*** Opening of Information shown ***

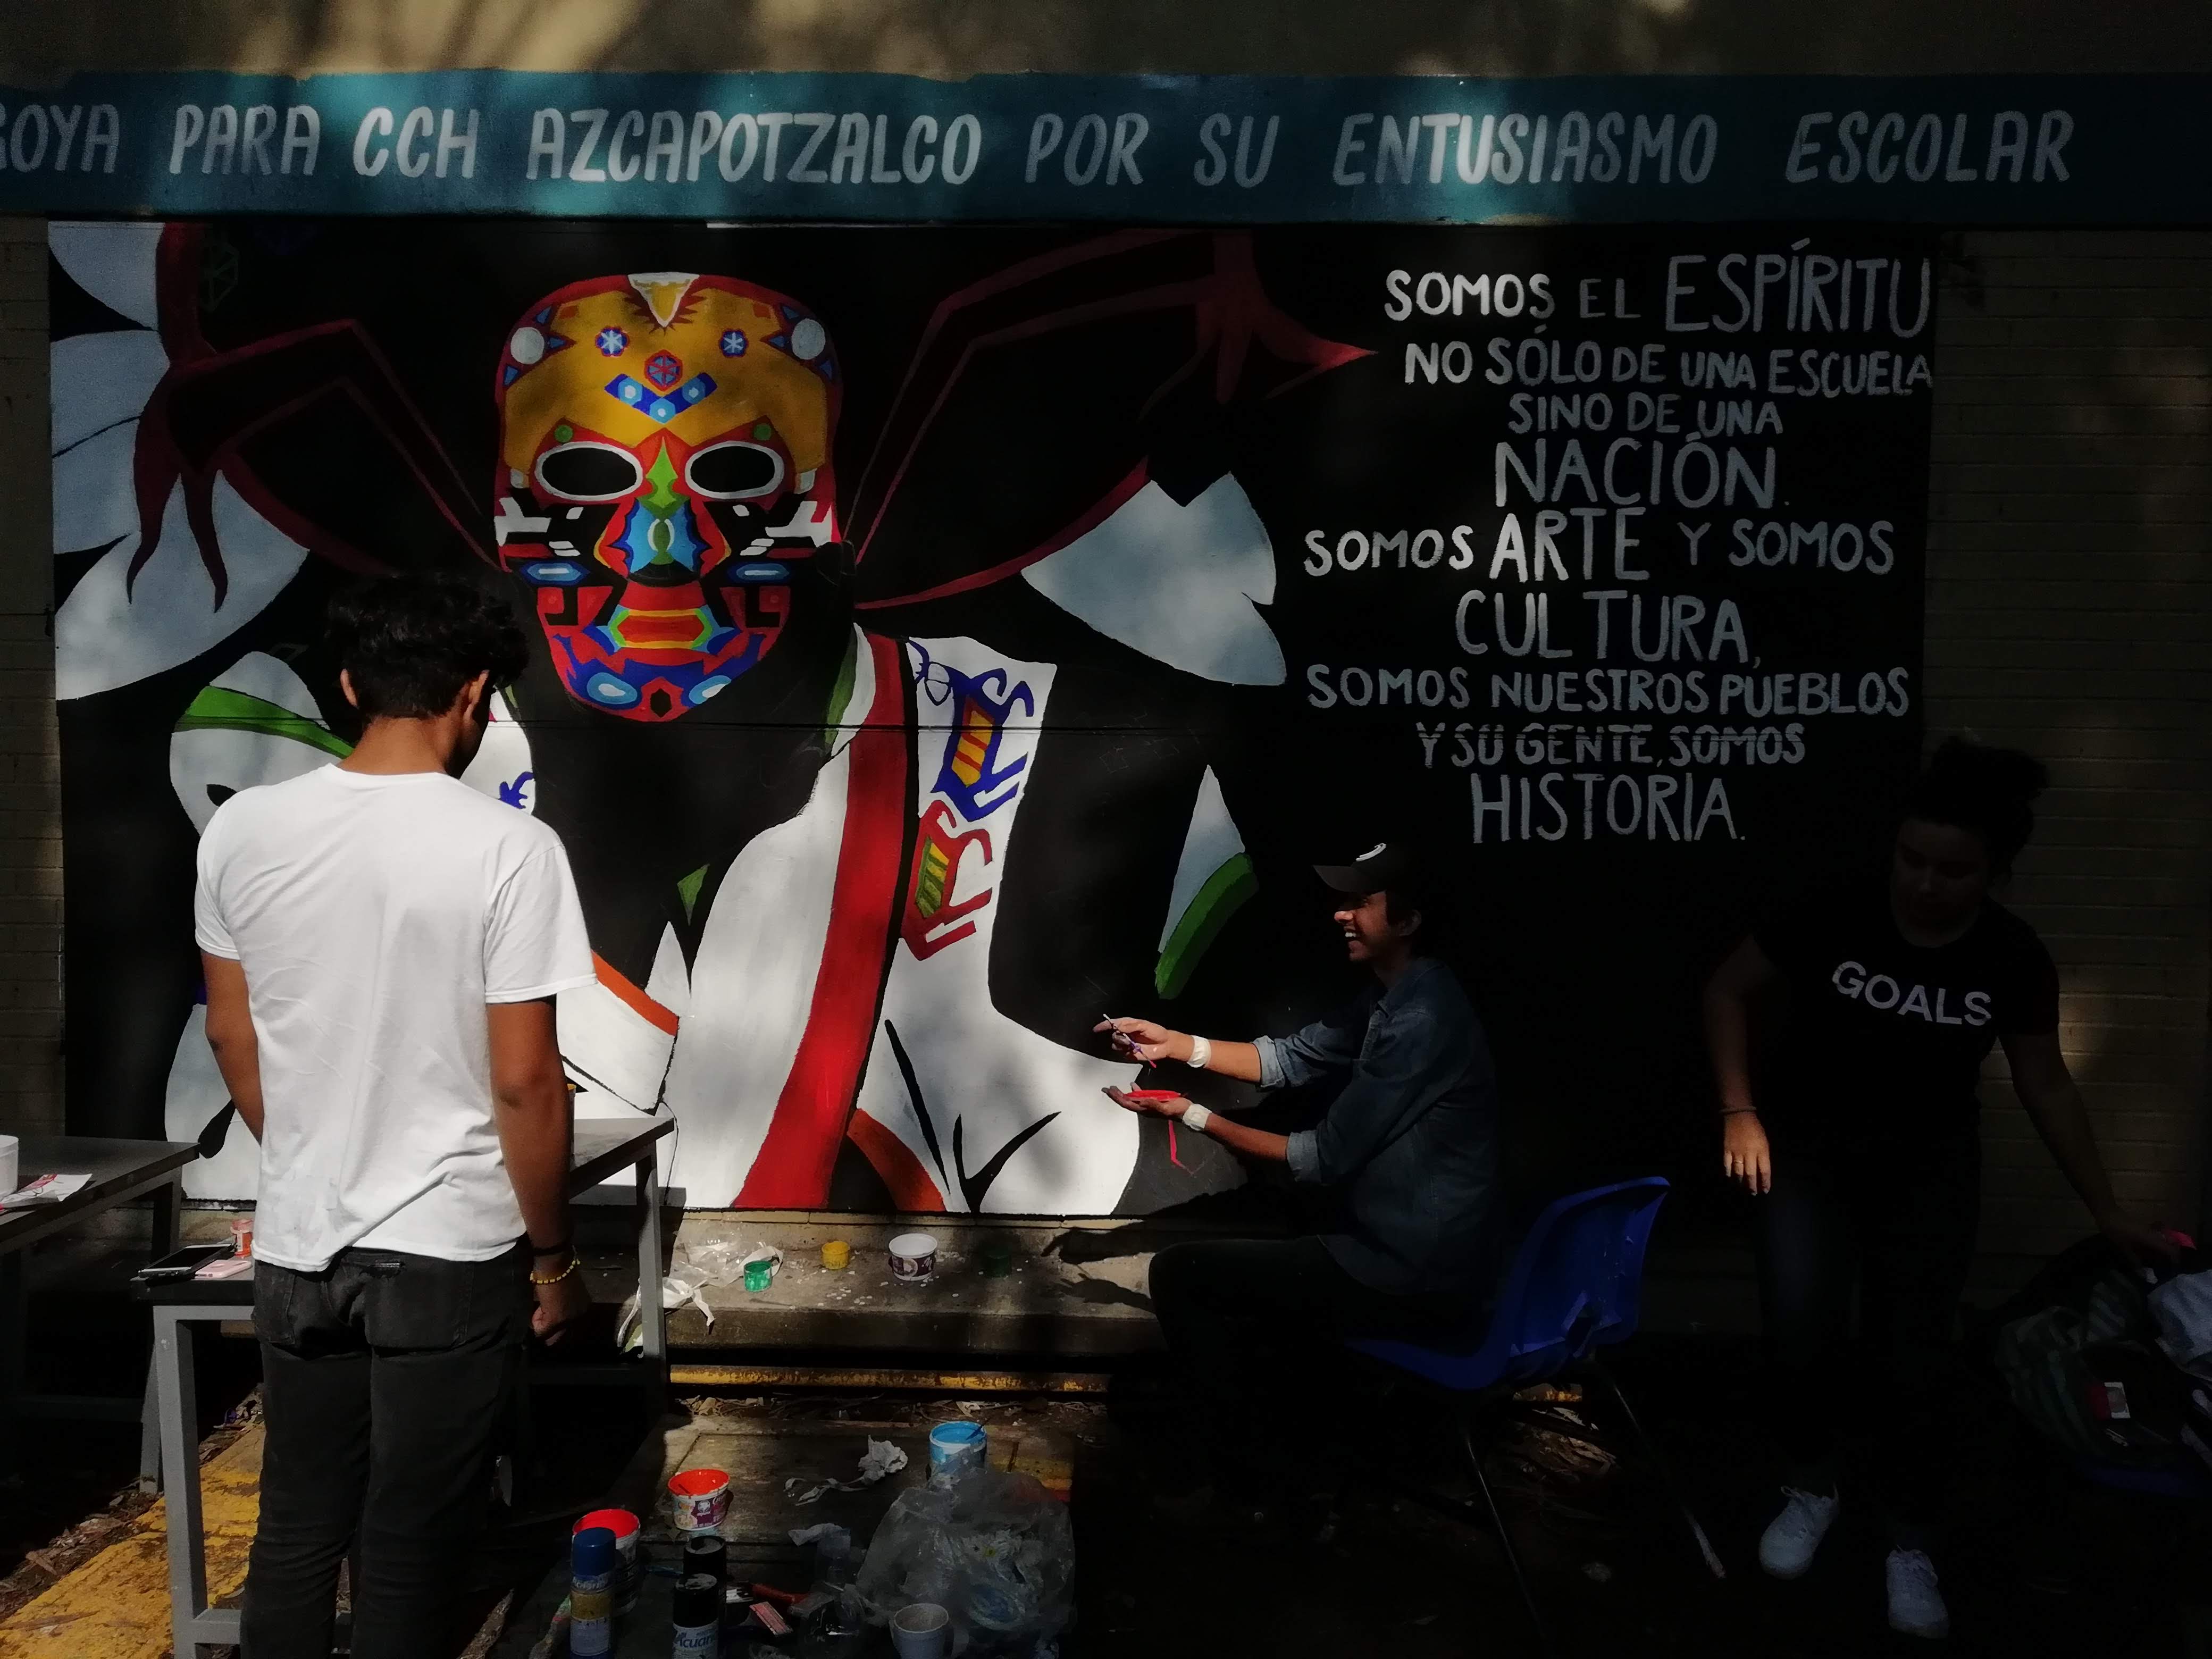 En la mañana los estudiantes del CCH Azcapo pintan sus muros con rebeldía; en la tarde los porros lanzan bombas molotov y petardos.
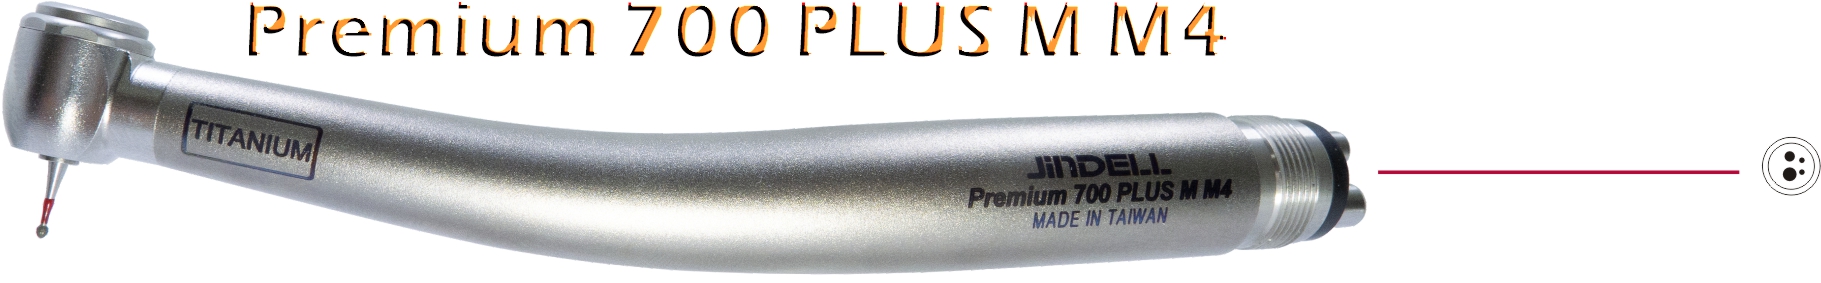 Premium 700 PLUS M M4
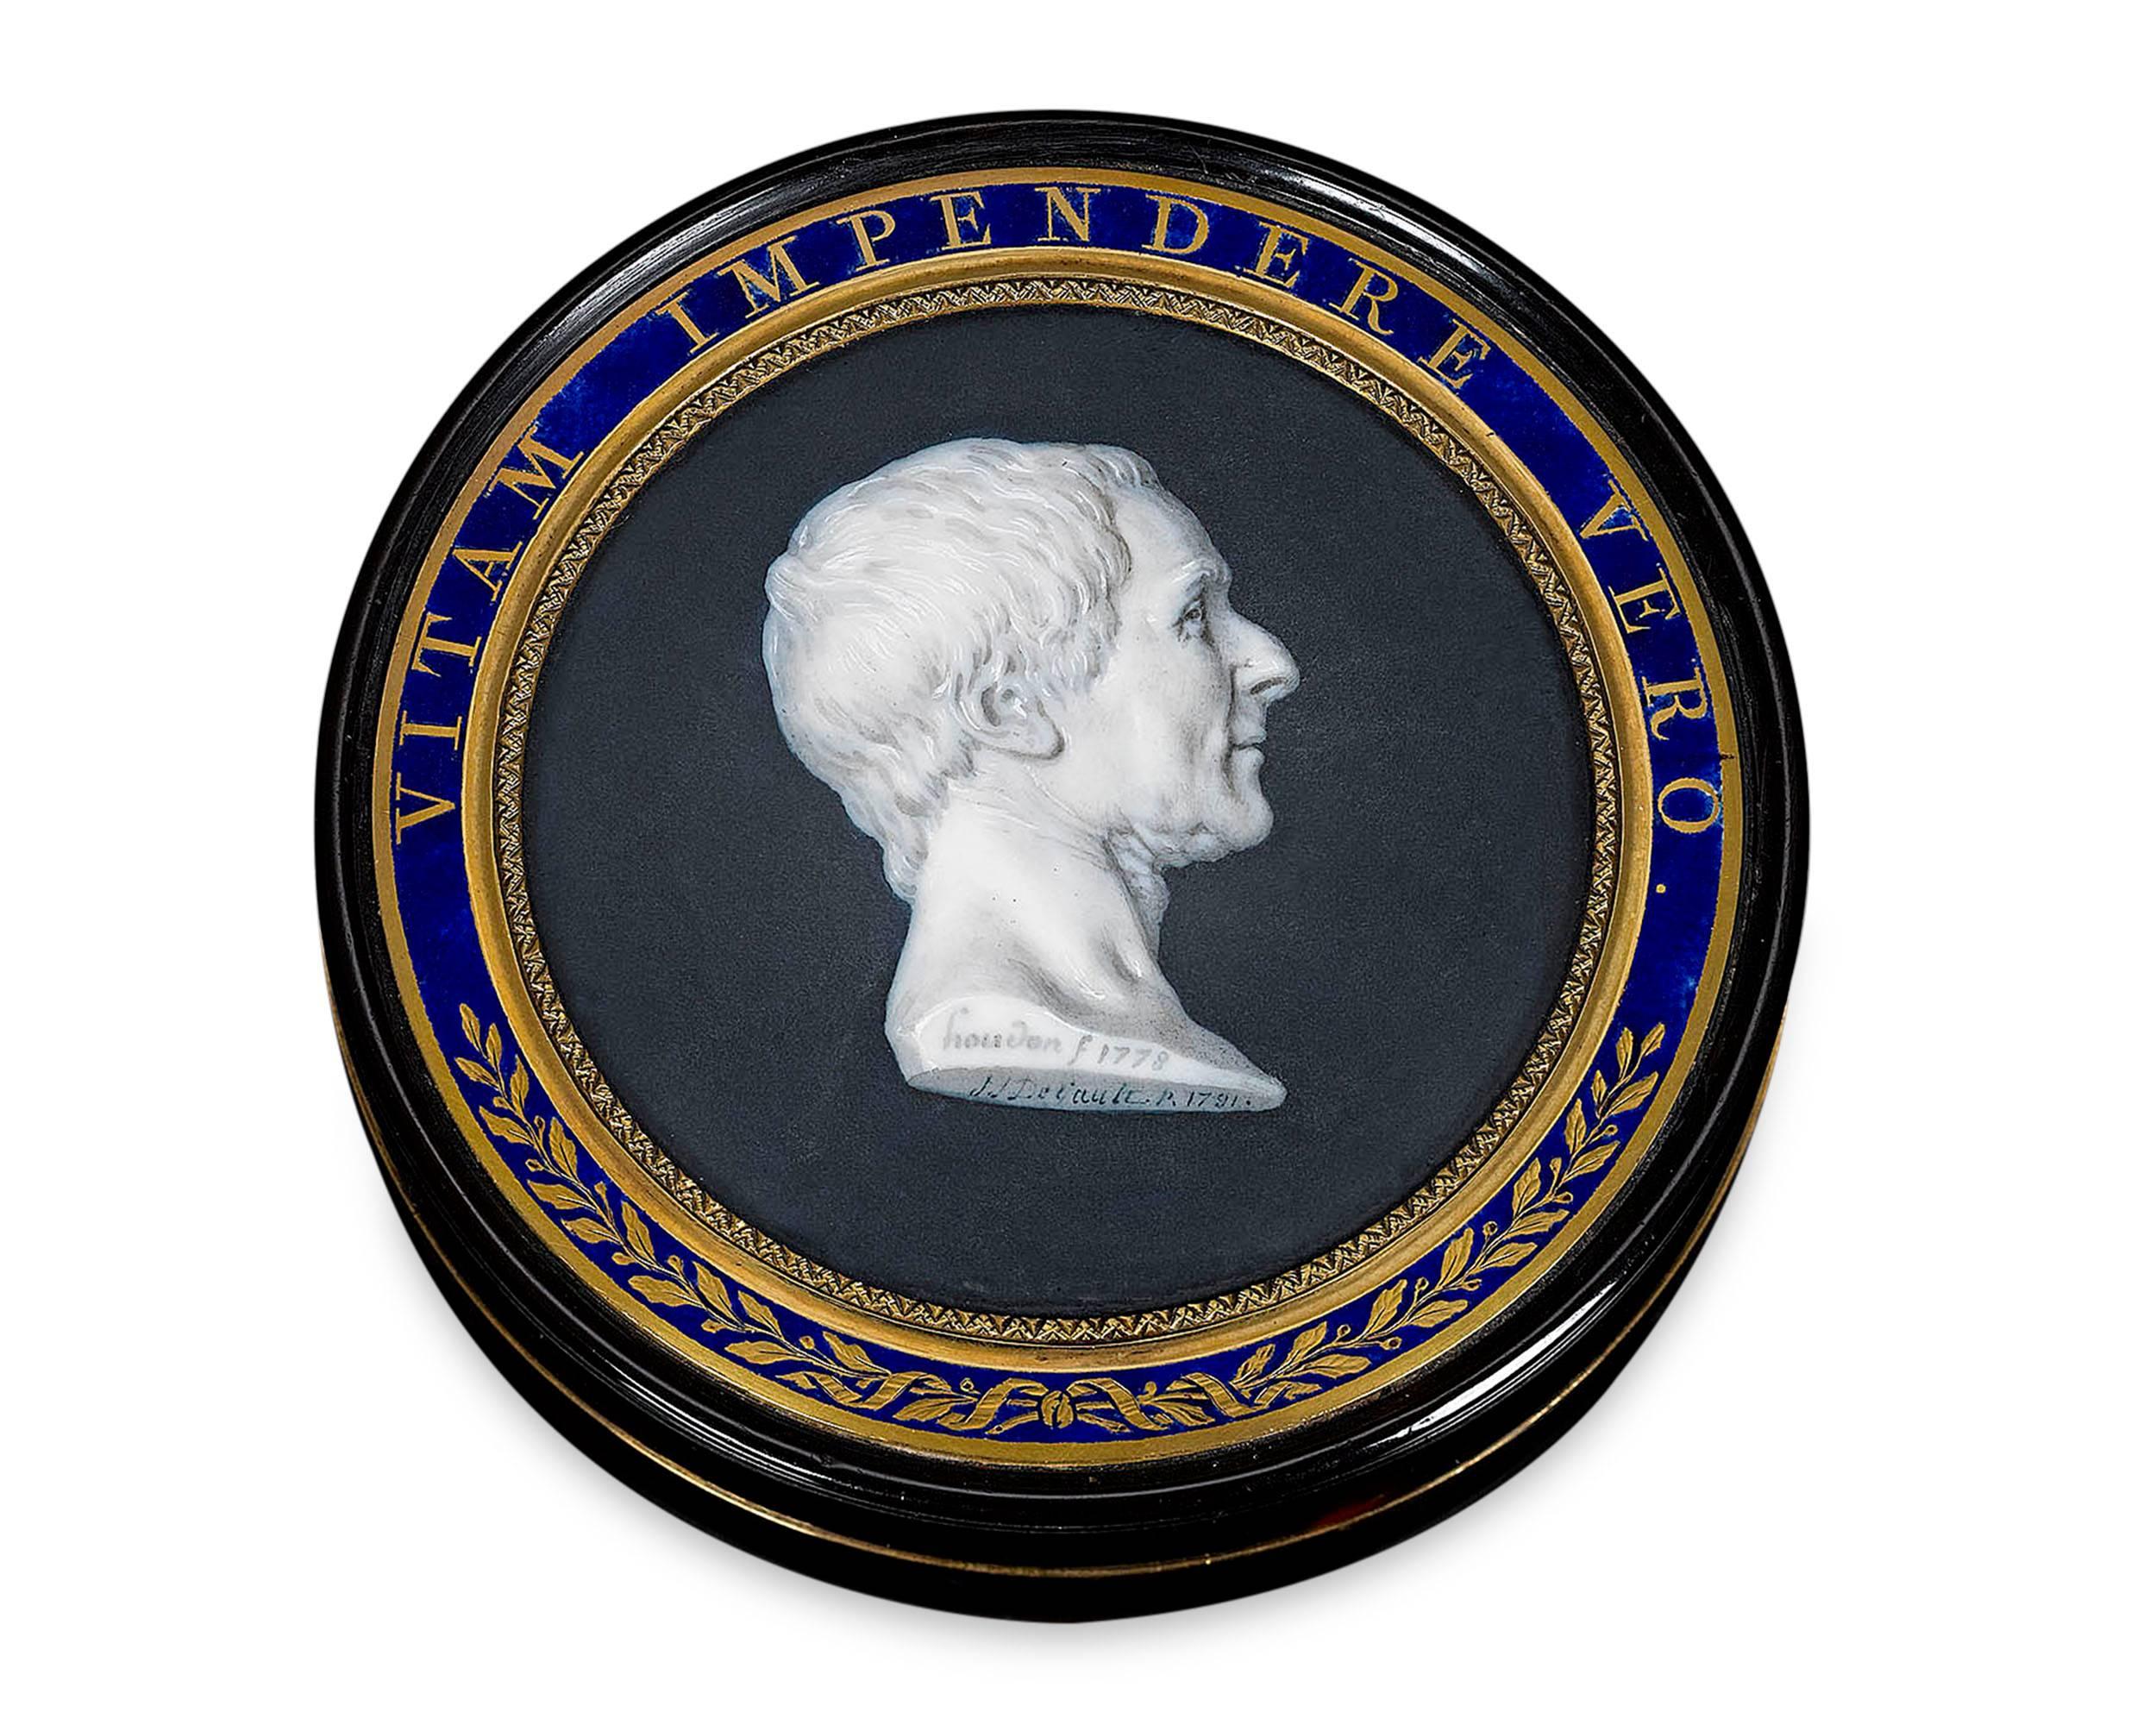 Une exquise miniature du philosophe français Charles Montesquieu orne le couvercle de cette tabatière doublée d'écaille. Ce beau portrait a été réalisé par le célèbre Français Jacques-Joseph de Gault d'après un buste populaire du sculpteur

*** Close of Information shown ***

Work task:
What is needed is an exact retyping of the lines from the start of the data through the line with "Premium 700 PLUS M M4", with both end lines kept and every picture left out.

Answer area:
 En la mañana los estudiantes del CCH Azcapo pintan sus muros con rebeldía; en la tarde los porros lanzan bombas molotov y petardos.
 Premium 700 PLUS M M4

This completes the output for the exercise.